Is our hope in superior fire power?
The Washington Post re-ran a piece by John Piper, titled Should Christians Arm Themselves? that presents a counterargument to Jerry Falwell Jr.’s recent comments that Liberty University students should carry guns. Falwell’s comments came in the wake of the San Bernardino shootings, attributed to Islamic terrorism. Piper’s argument is that it is not consistent with the teaching of the New Testament that Christians face inevitable persecution with armed resistance. His position is a careful presentation of the biblical evidence to the contrary. He makes several points that are unassailable. A brief excerpt provides a mildly sardonic example of where Falwell’s logic would lead:
I think I can say with complete confidence that the identification of Christian security with concealed weapons will cause no one to ask a reason for the hope that is in us. They will know perfectly well where our hope is. It’s in our pocket.

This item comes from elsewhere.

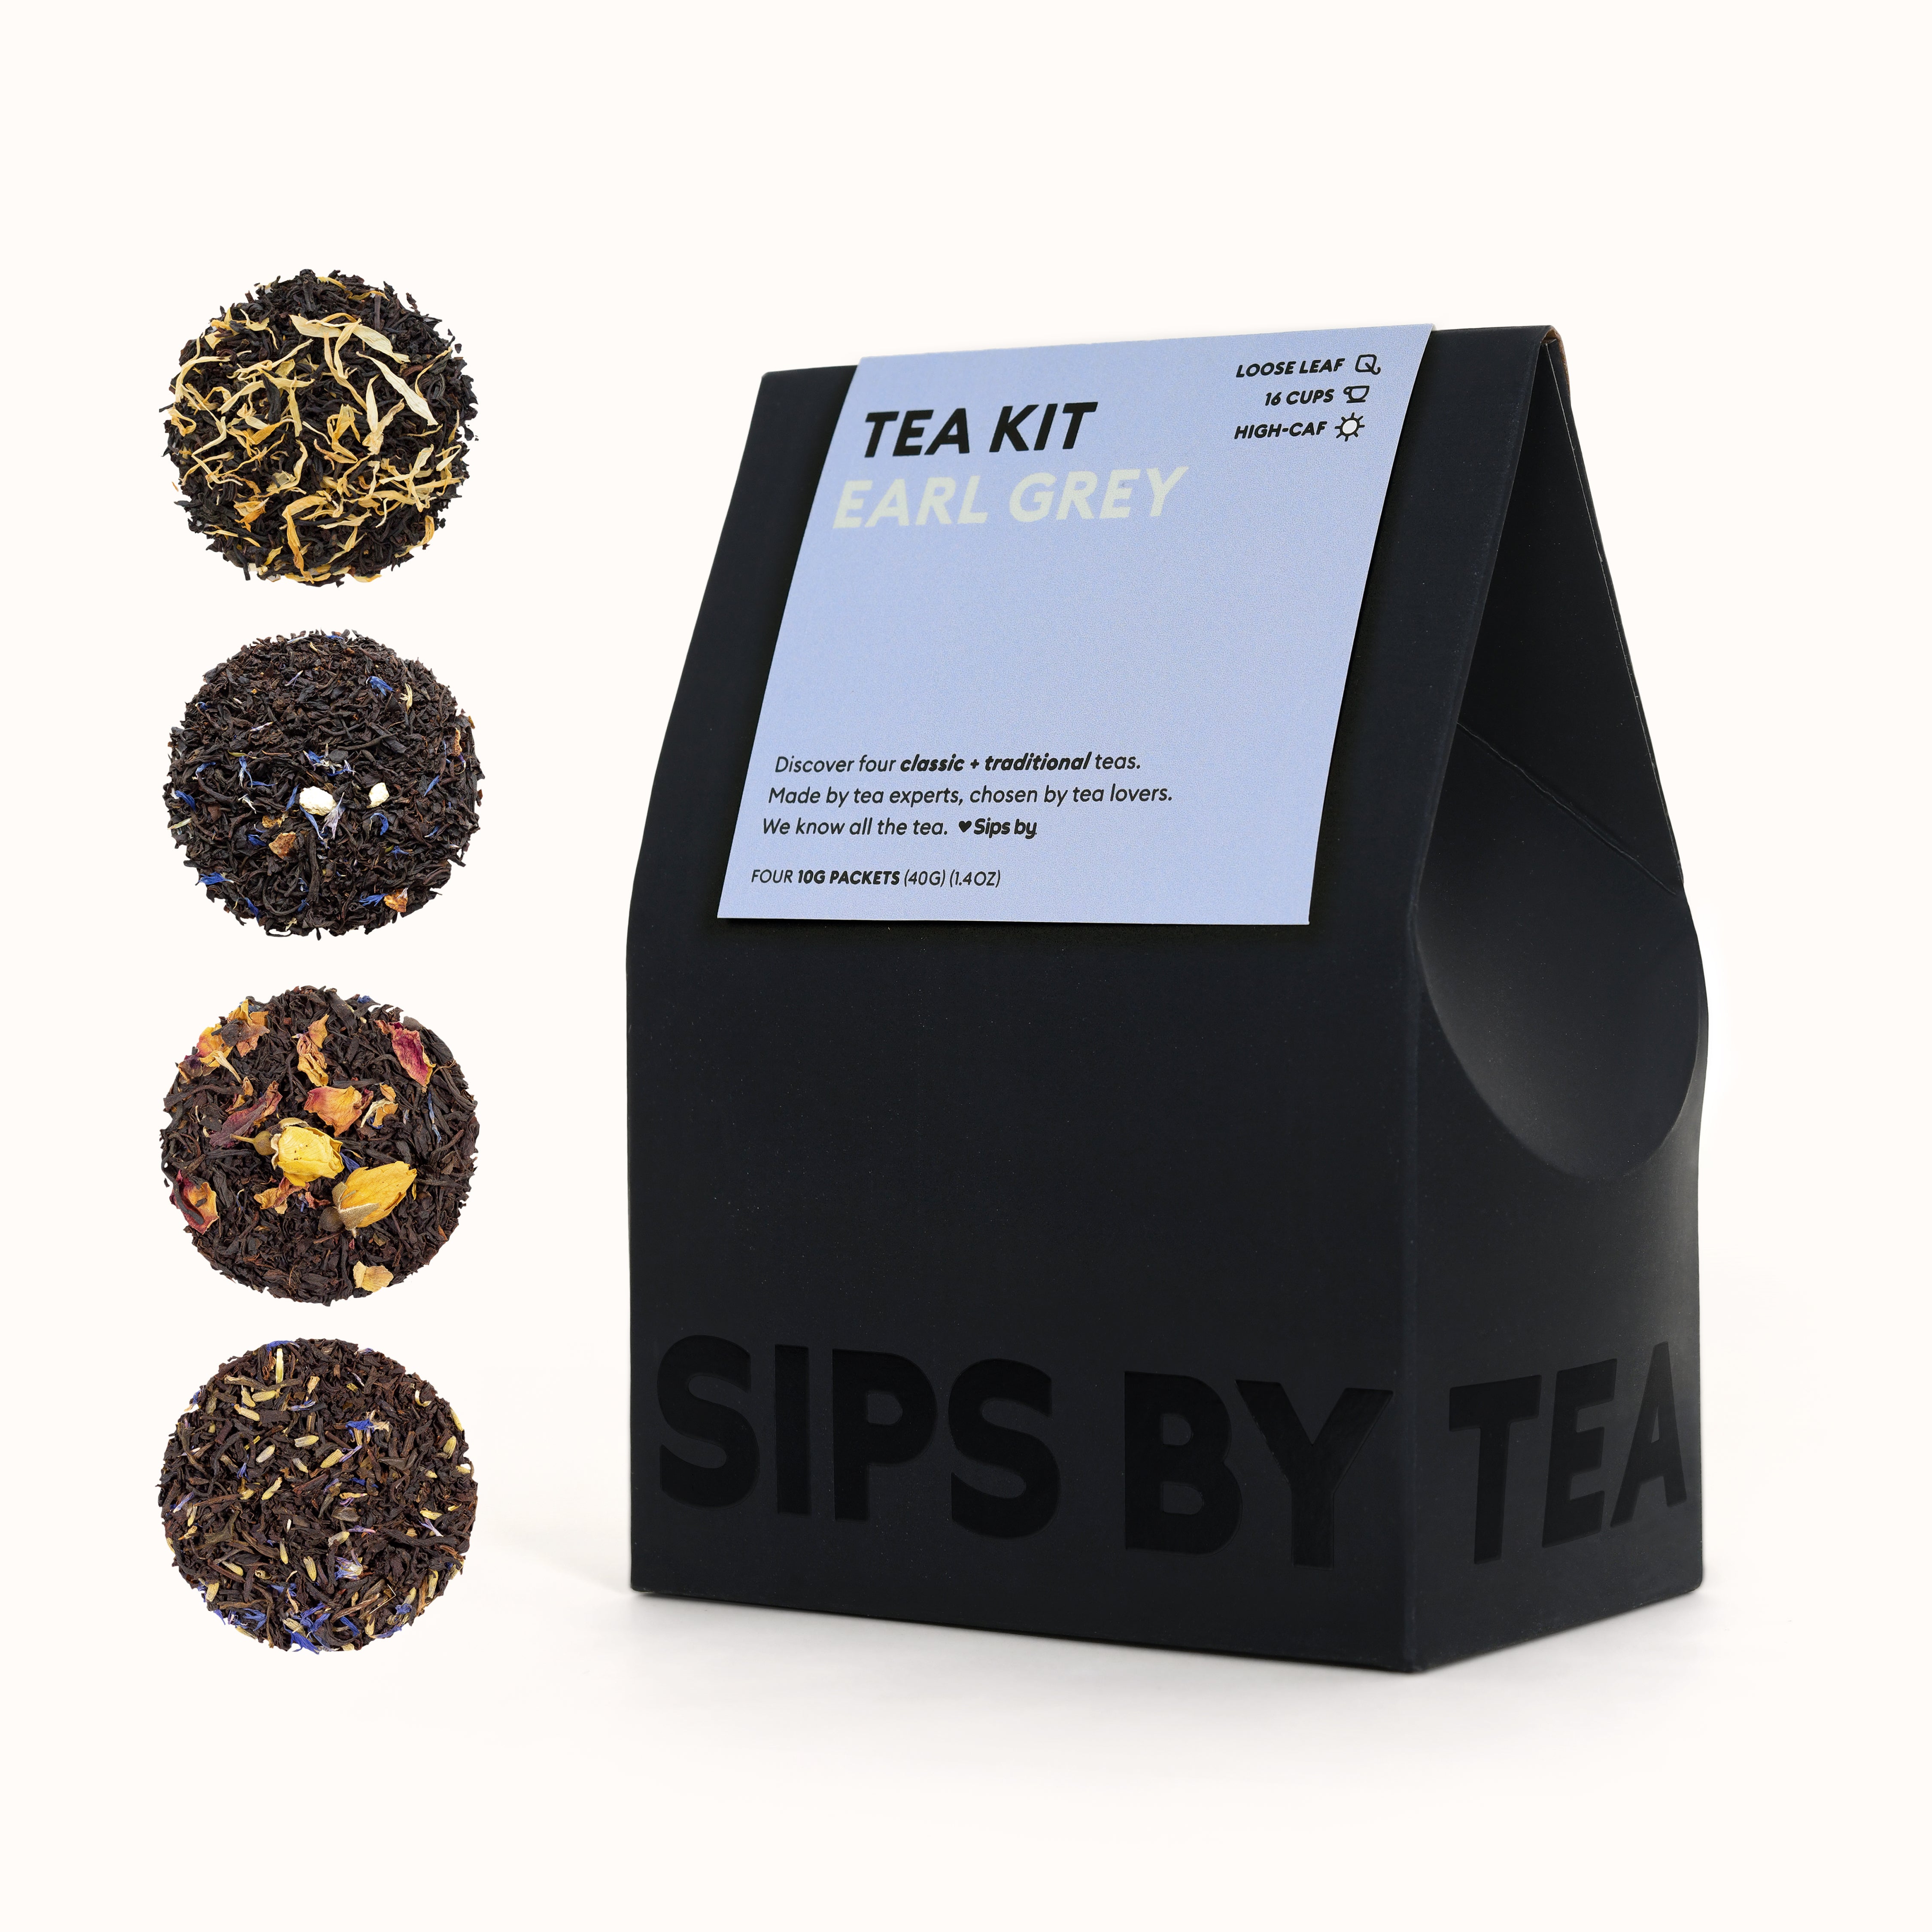 Self Care Kit – Sip N' Slay Tea
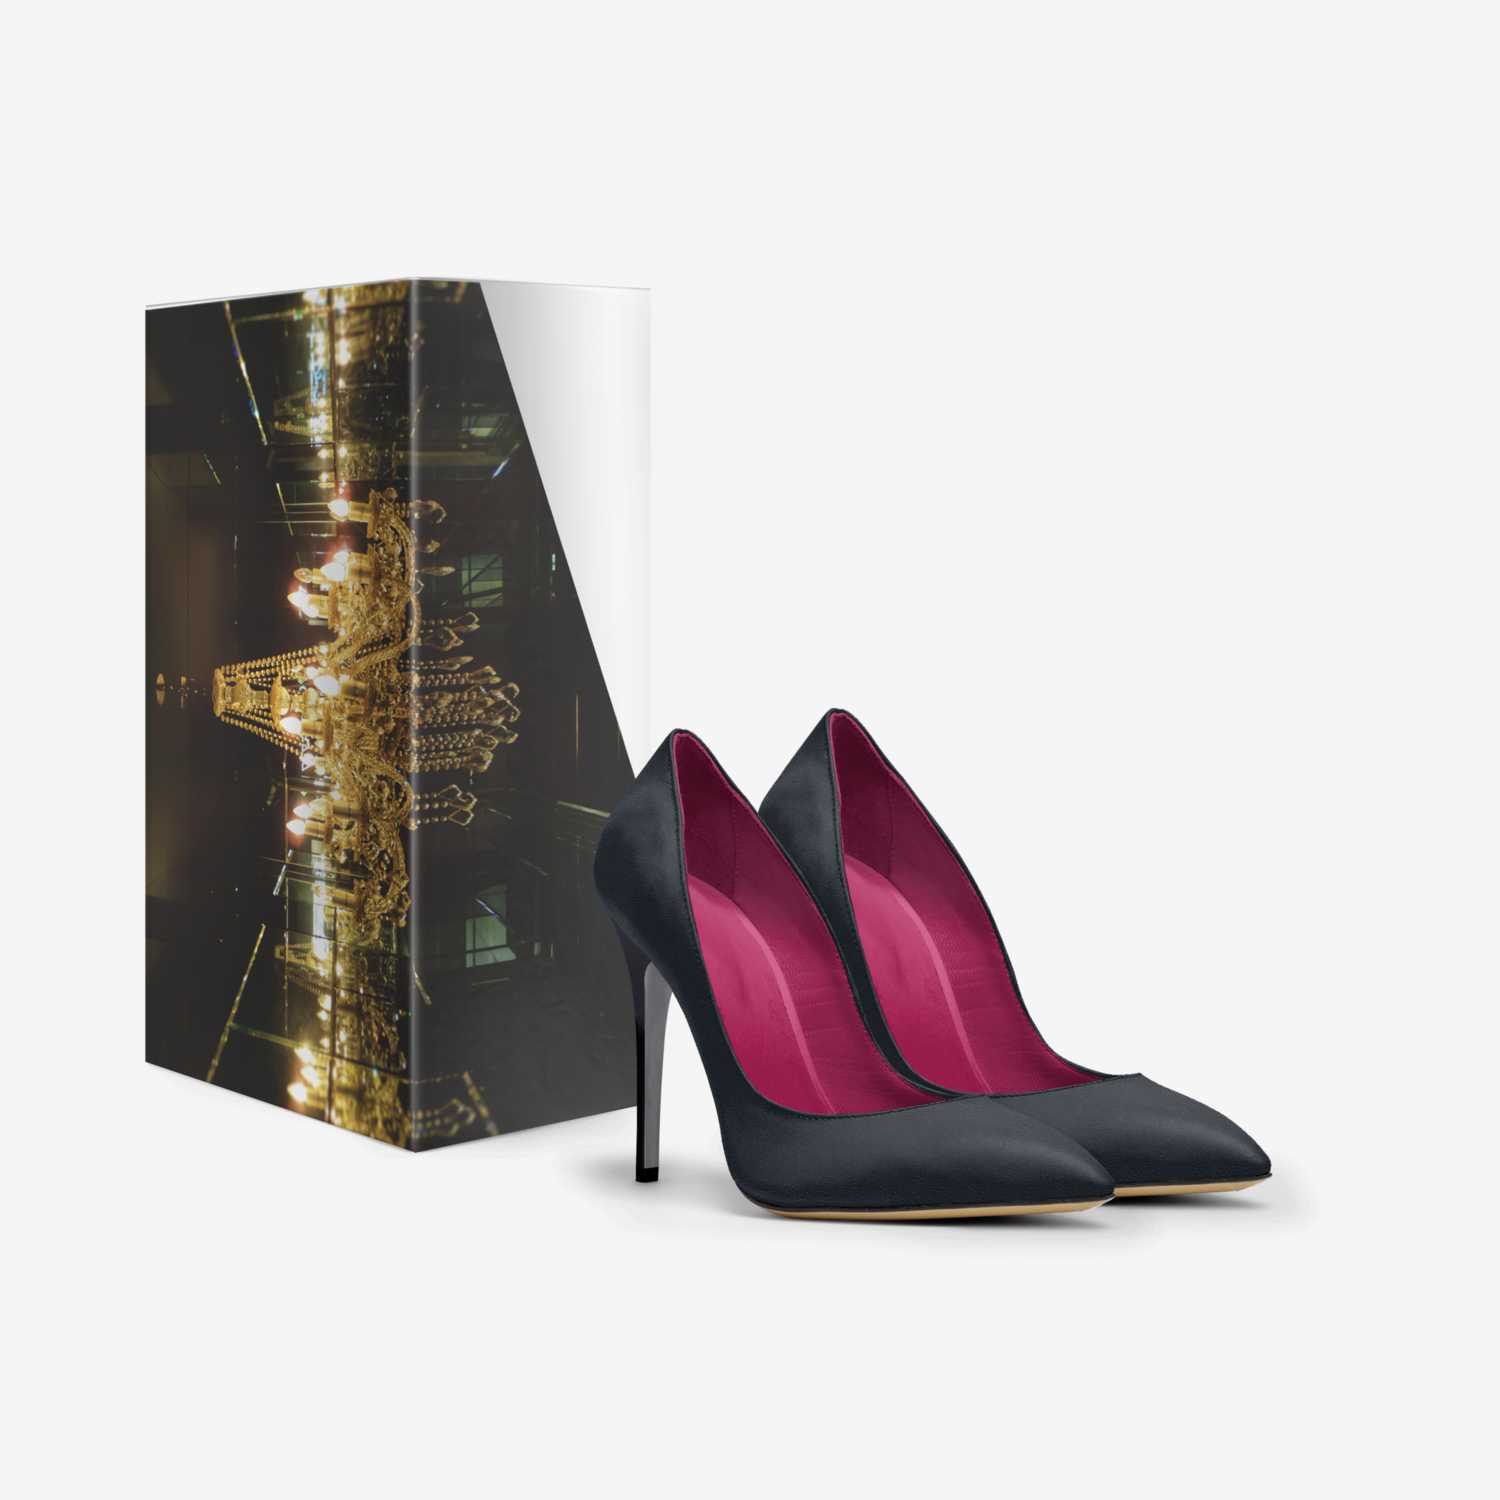 Nicole Giovanna  custom made in Italy shoes by Latoya Martin | Box view

Piper goes on as well to ask the question where all discussions of christian pacifism lead:
A natural instinct is to boil the issue down to the question, “Can I shoot my wife’s assailant?”
He provides a 7 point answer to this question, and is forthright enough to say, I do not know what I would do before this situation presents itself with all its innumerable variations of factors. And I would be very slow to condemn a person who chose differently from me.
Piper’s logic and reasoning hews very closely to a book I read several years ago, Choosing Against War: A Christian View, by John D. Roth. Roth is a professor at Goshen College in Indiana. Goshen is a Mennonite school, and Roth presents a position consistent with historical anabaptism. Roth, too, said he didn’t know what he would do at the moment in a hypothetical situation of his wife or family being threatened. Roth is a thoroughgoing pacifist, and would thus refuse all military service. I don’t get the impression from Piper’s article that he holds to that view. And this is why I use the term “domestic pacifism.” If we exclude service in the military, and limit armed resistance to ordinary citizens carrying guns, then I think the Christian case against Falwell’s stance and for domestic pacifism is air-tight.
For a Christian, the worst that can happen is not death, but rather entering into a Christless eternity. If I have the power to take the life of another, and to send them to such an end, do I want to exercise that power? Can I assert with confidence that God would want me to take the life of another in this way? Though I didn’t always hold this view, I have to come to see that domestic pacifism is the most faithful to the New Testament, and in my view, the one most consistent with Christian witness.